■ **Dataset content**
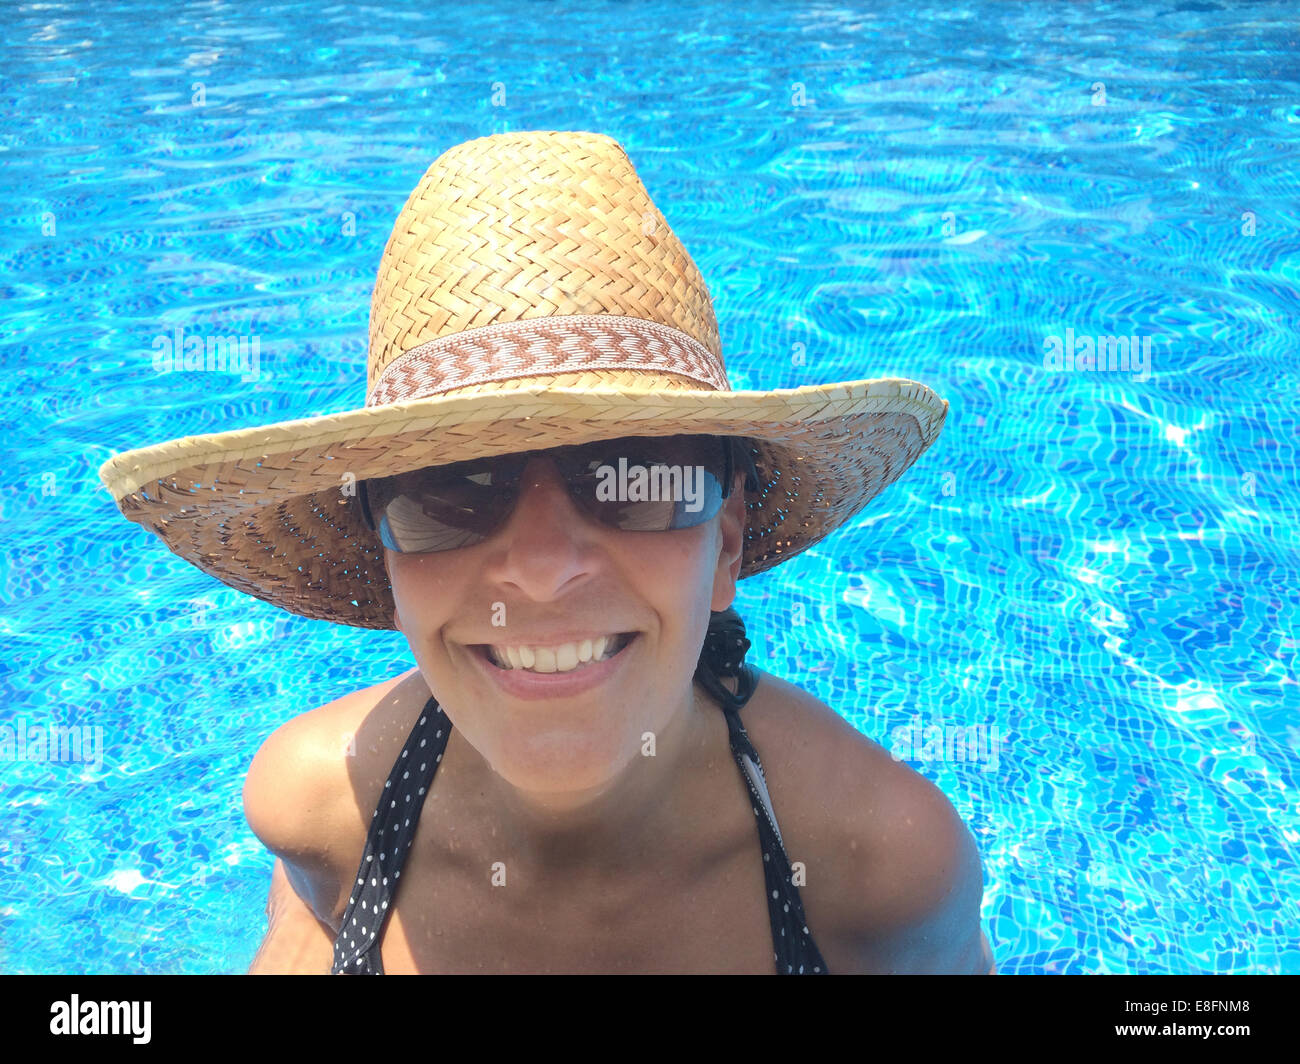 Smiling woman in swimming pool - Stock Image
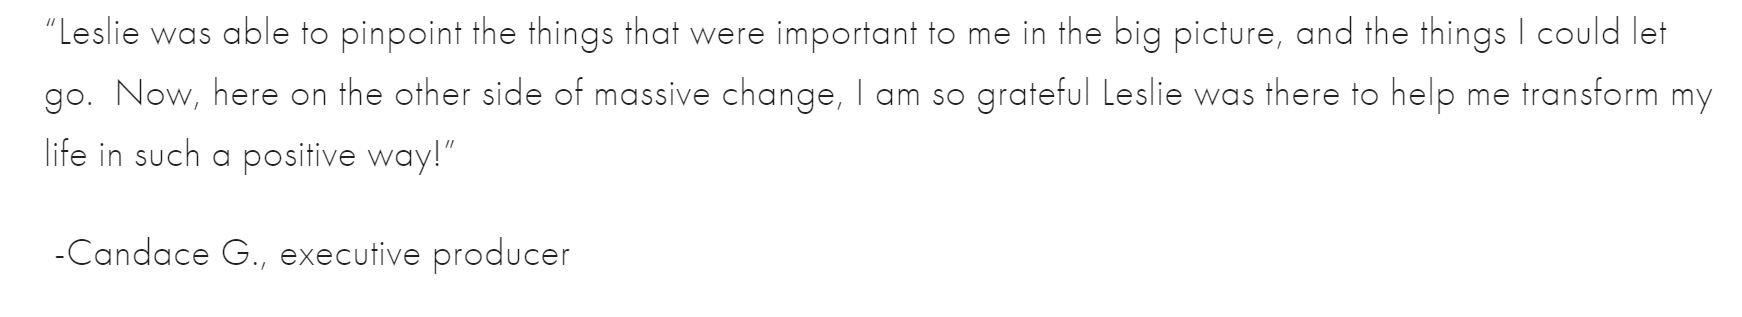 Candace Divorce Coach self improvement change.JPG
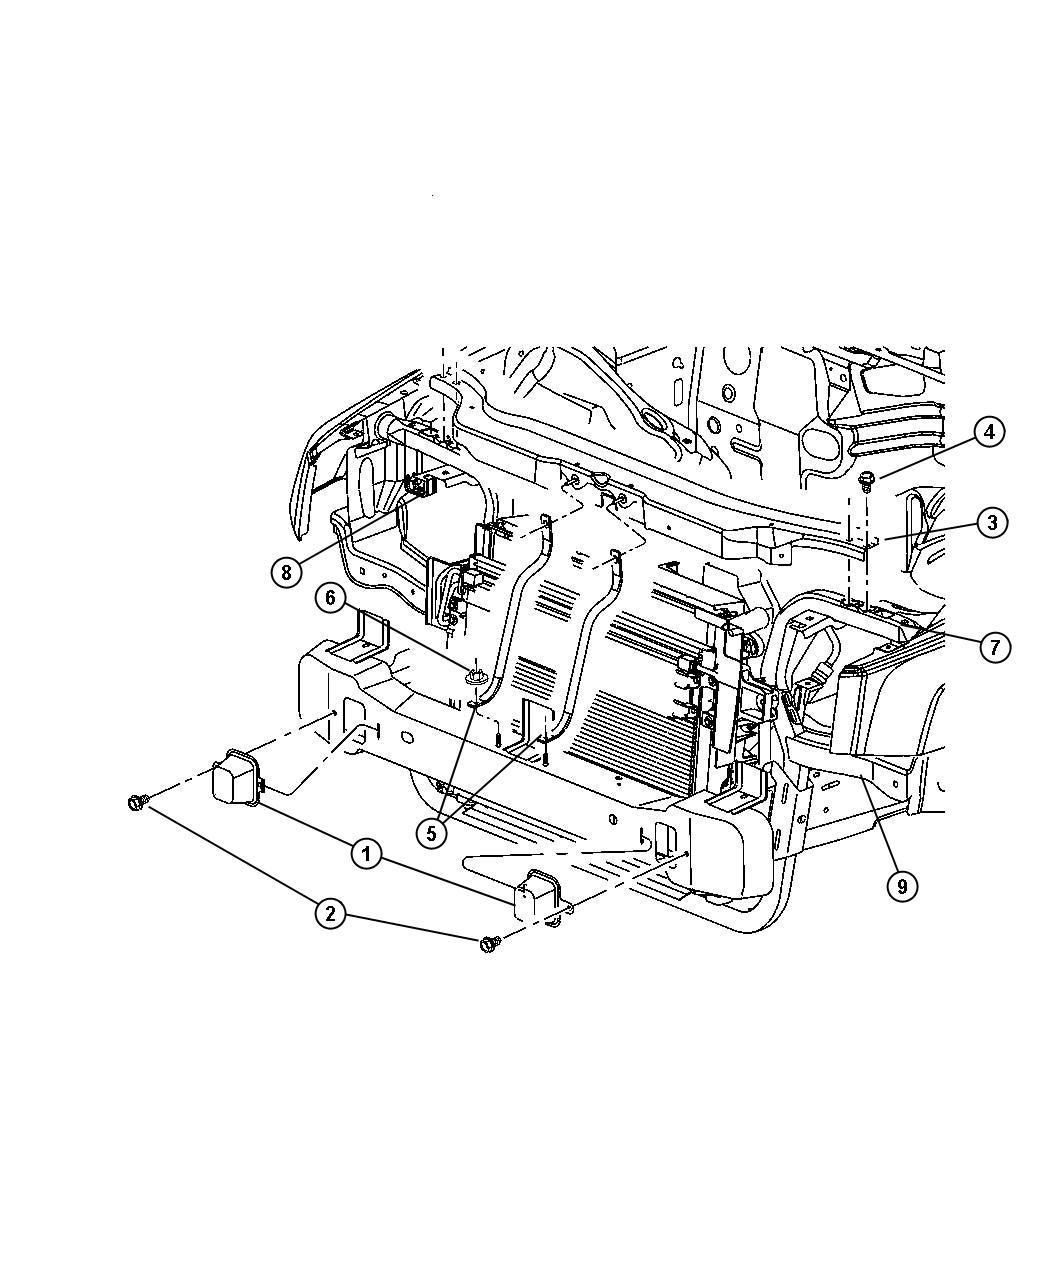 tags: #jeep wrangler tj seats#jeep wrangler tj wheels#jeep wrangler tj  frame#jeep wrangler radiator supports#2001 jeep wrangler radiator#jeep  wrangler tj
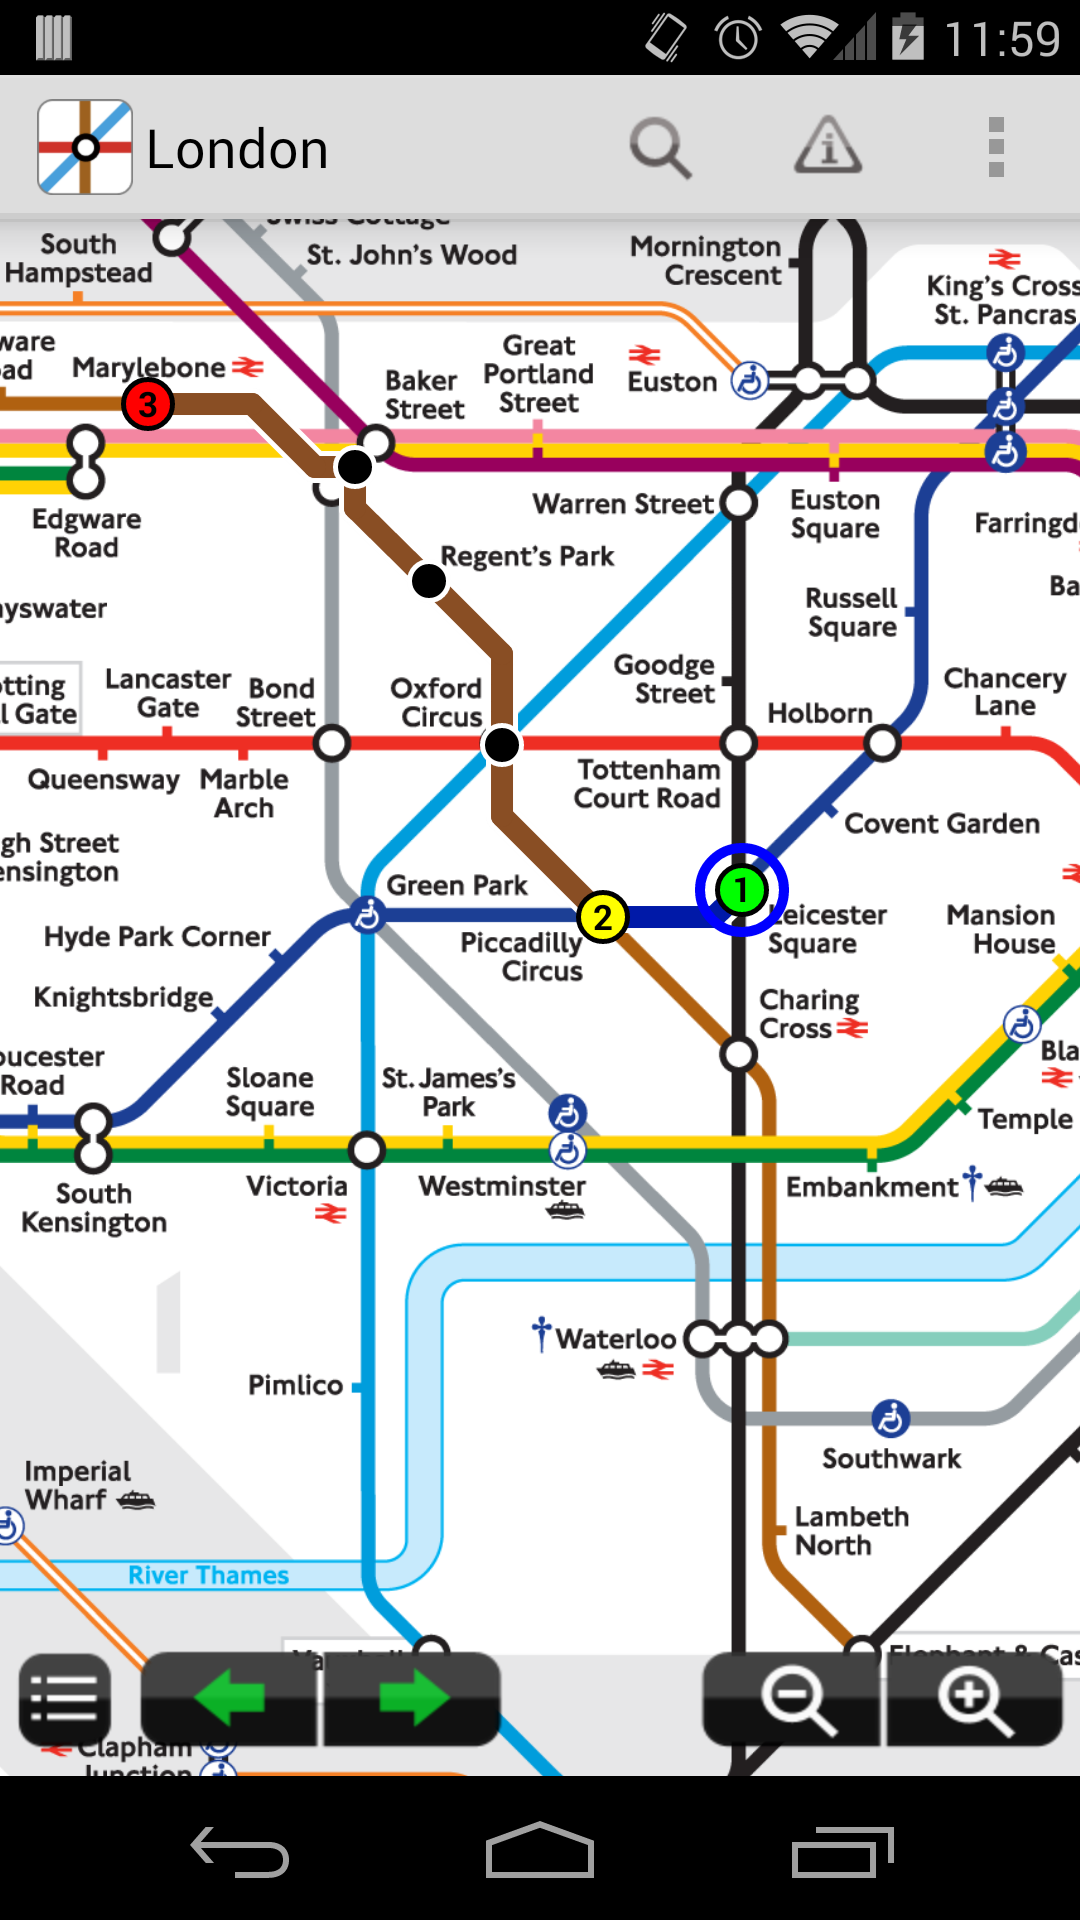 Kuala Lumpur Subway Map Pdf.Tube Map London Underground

■ **Exercise aim**
Are you able to set down all the lines above exactly, without any pictures?

■ **Reply**
 Smiling woman in swimming pool - Stock Image
 Candace Divorce Coach self improvement change.JPG
 tags: #jeep wrangler tj seats#jeep wrangler tj wheels#jeep wrangler tj  frame#jeep wrangler radiator supports#2001 jeep wrangler radiator#jeep  wrangler tj
 Kuala Lumpur Subway Map Pdf.Tube Map London Underground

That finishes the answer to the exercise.